Because yesterday, the sun hadn't been blue, and the sky hadn't been purple with green clouds.
"Man, these aliens sure like green and purple," Shri muttered, smiling in spite of herself.
The sidewalk in front of her house had a veritable field of sunflowers growing out of it. A faint humming came from them, and they whipped around to face her when she stepped closer, revealing faint impressions of humanlike faces in their centers. Okay, these definitely weren't the species Shri knew of...
She wasn't smiling anymore.
A shimmer on the ground caught her eye. When it faded, her journal was lying there, open to the page she'd left off at. Trembling, she picked it up and read her forgotten words. Surprisingly, there wasn't much text, just four words:
It's time to descend!
What did that even mean? Had she been drugged at the festival? That wouldn't explain her brother's name change.
Shri thought she heard computer keys clacking loudly, somewhere behind the house. She went to investigate, but there was nothing out of the ordinary there...except the coloration, of course.
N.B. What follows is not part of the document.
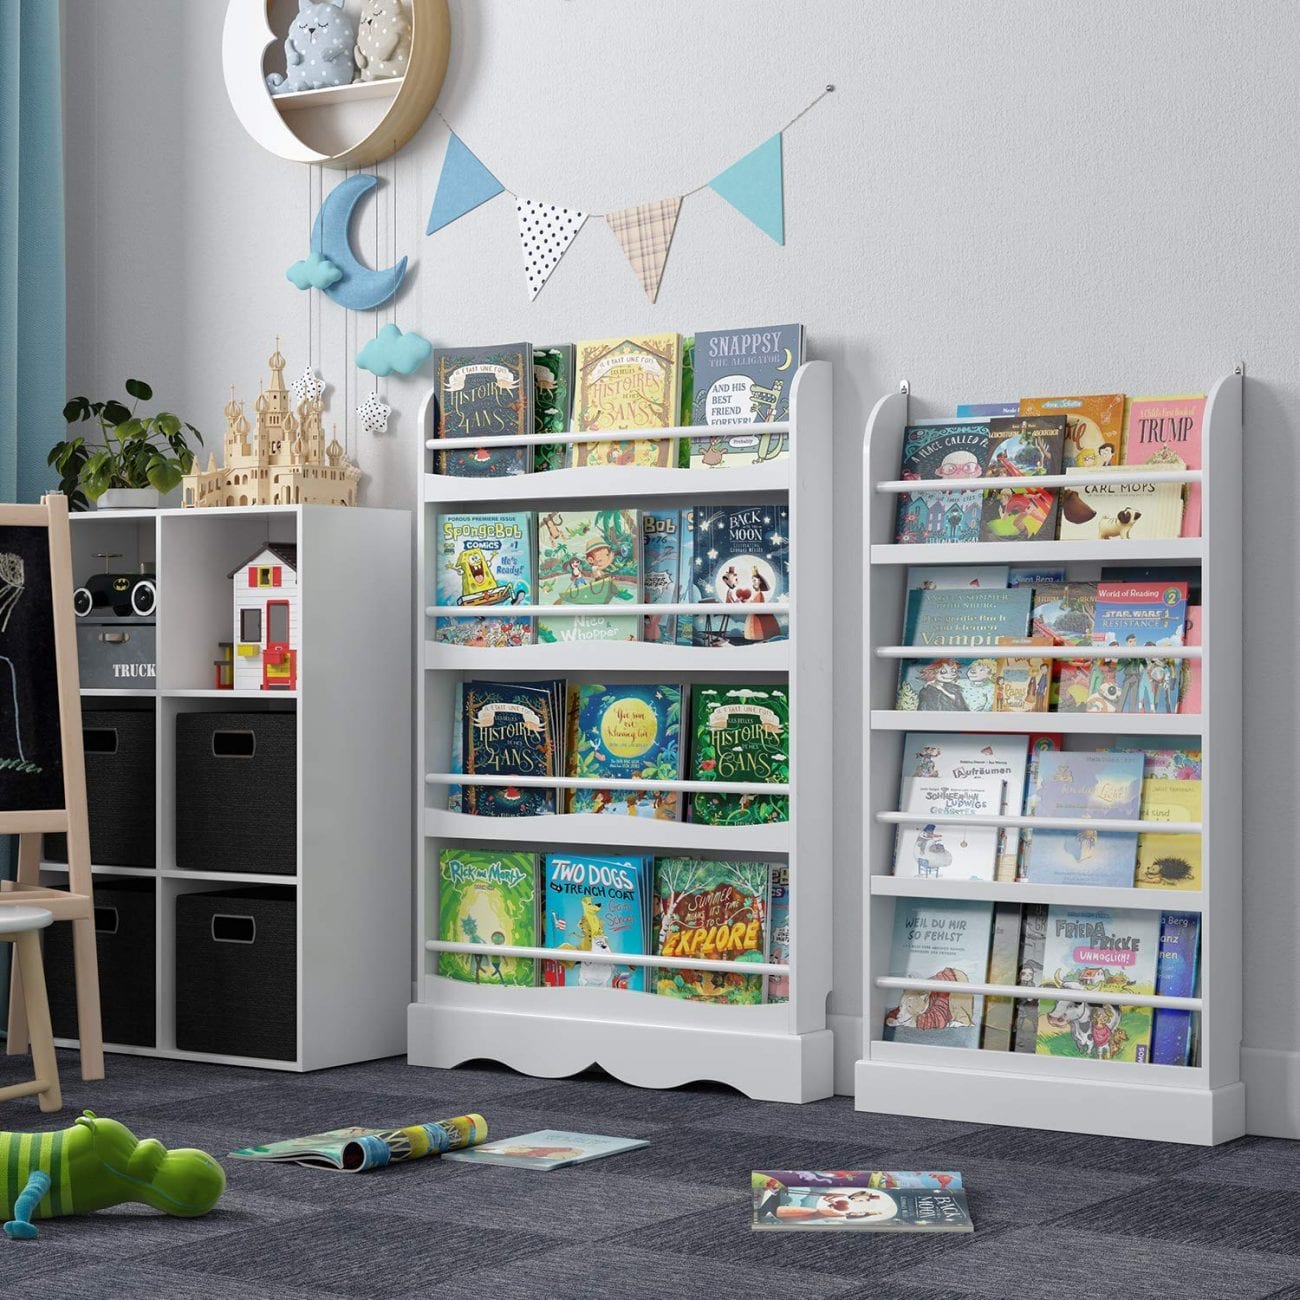 20 Amazing Classroom Bookshelves For All Your Organizing Needs

For a moment, the world flickered out of focus, becoming a blur that almost seemed pixelated. Then it all faded out.
*
"Good thing we're going to reset the programming," the first technician said, adjusting his bowler hat and brushing a speck of dust off his suit. "Our simulations are becoming self-aware."
"We knew that was a risk," his coworker replied. "'It's The Sims taken up to eleven'," he quoted from an advertisement. "They're intelligent people, but made of zeroes and ones, instead of bone and blood. Oh, and I meant to tell you--the system was glitching. The parental units deleted themselves, can you believe it?"
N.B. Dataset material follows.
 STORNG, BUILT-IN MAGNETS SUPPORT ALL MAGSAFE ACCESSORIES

"Weird. Well, that should be fixed soon."
On the screen, an Indian-American girl crouched on the technicolor lawn.
One of the technicians pressed another button, and she disappeared. With a few clicks, the display toggled to her bedroom, where she slept peacefully.
"Change her ethnicity to German," the second technician ordered. "And remove the bit about her brother being adopted. I'd rather have them be biological siblings."
Her hair turned blonde, her skin pale.
"Can I keep the green and purple color scheme on the backgrounds?"
"Sure, if you want. Now wake her up."
"You ever think about the ethics of this? Changing her entire identity like this, over and over?"
"Nah."
"Hey, did you hear that?"
"What?"
"It sounded like...like a giant keyboard, somewhere above us."
"Joe, you're letting the work get to you. Go home and get some rest."
*
Sabine Albrecht woke up at precisely eight-thirty AM, as she usually did; dressed in her favorite traditional blue-and-grey dirndl, as she usually did; and went downstairs to meet the day, as she usually did.